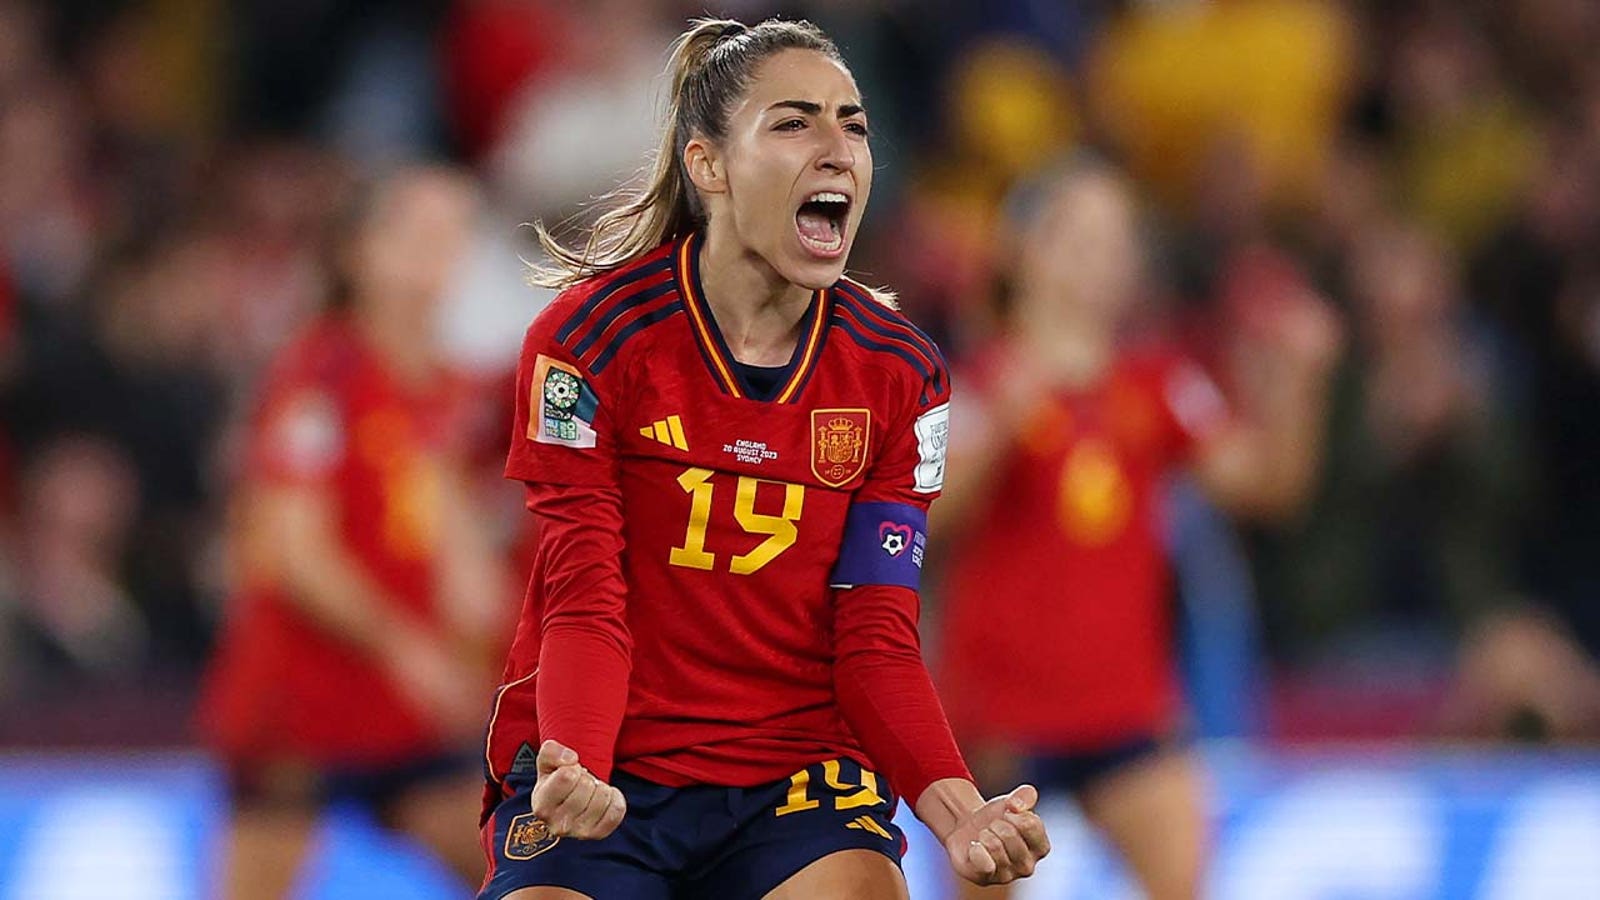 Spain's Olga Carmona scores goal vs. England in 29'
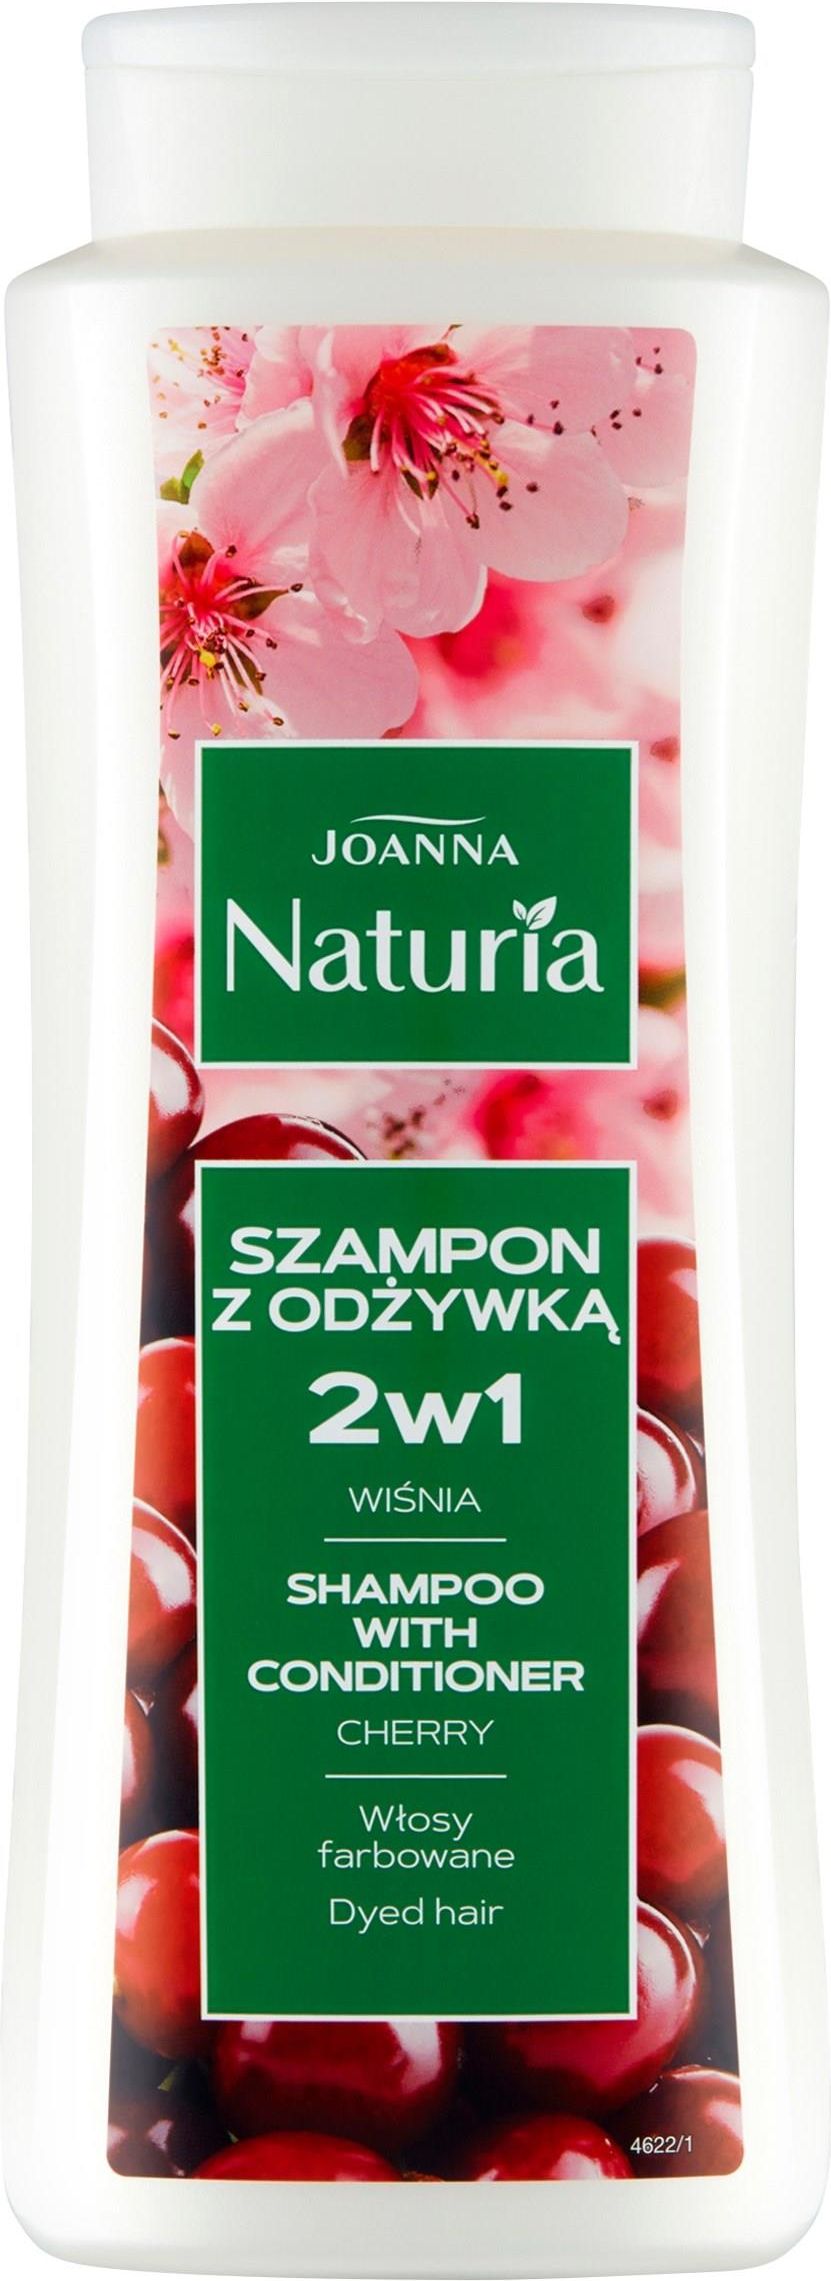 joanna naturia szampon wiśniowy opinie
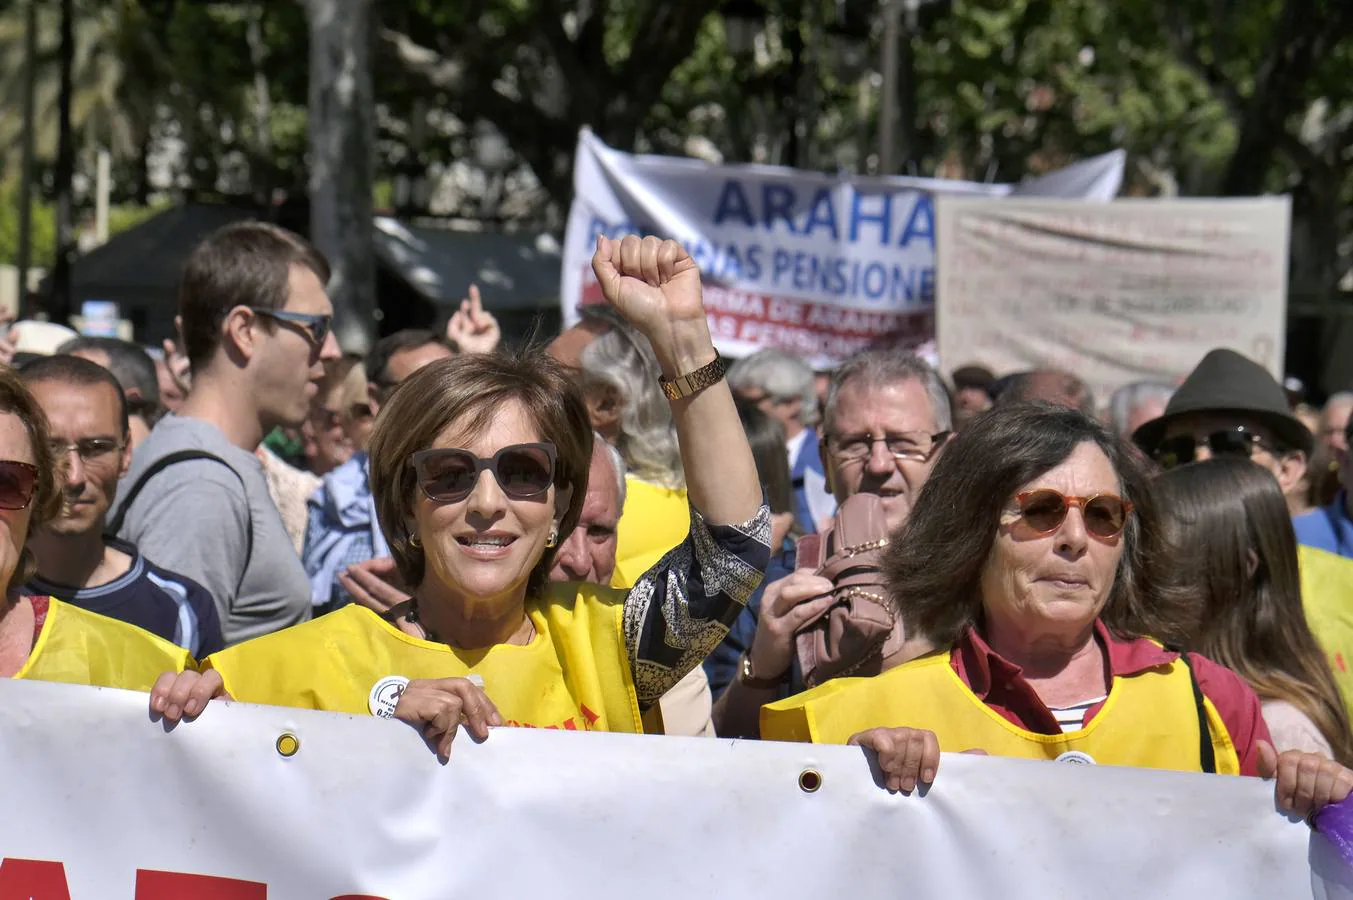 En imágenes, la manifestación por las pensiones en Sevilla
= = = =
How to complete this task>
Write out again, word for word, the lines from the one holding "joanna naturia szampon wiśniowy opinie" through the final line of the listing, including both ends but no pictures.

Answer space>
 joanna naturia szampon wiśniowy opinie
 En imágenes, la manifestación por las pensiones en Sevilla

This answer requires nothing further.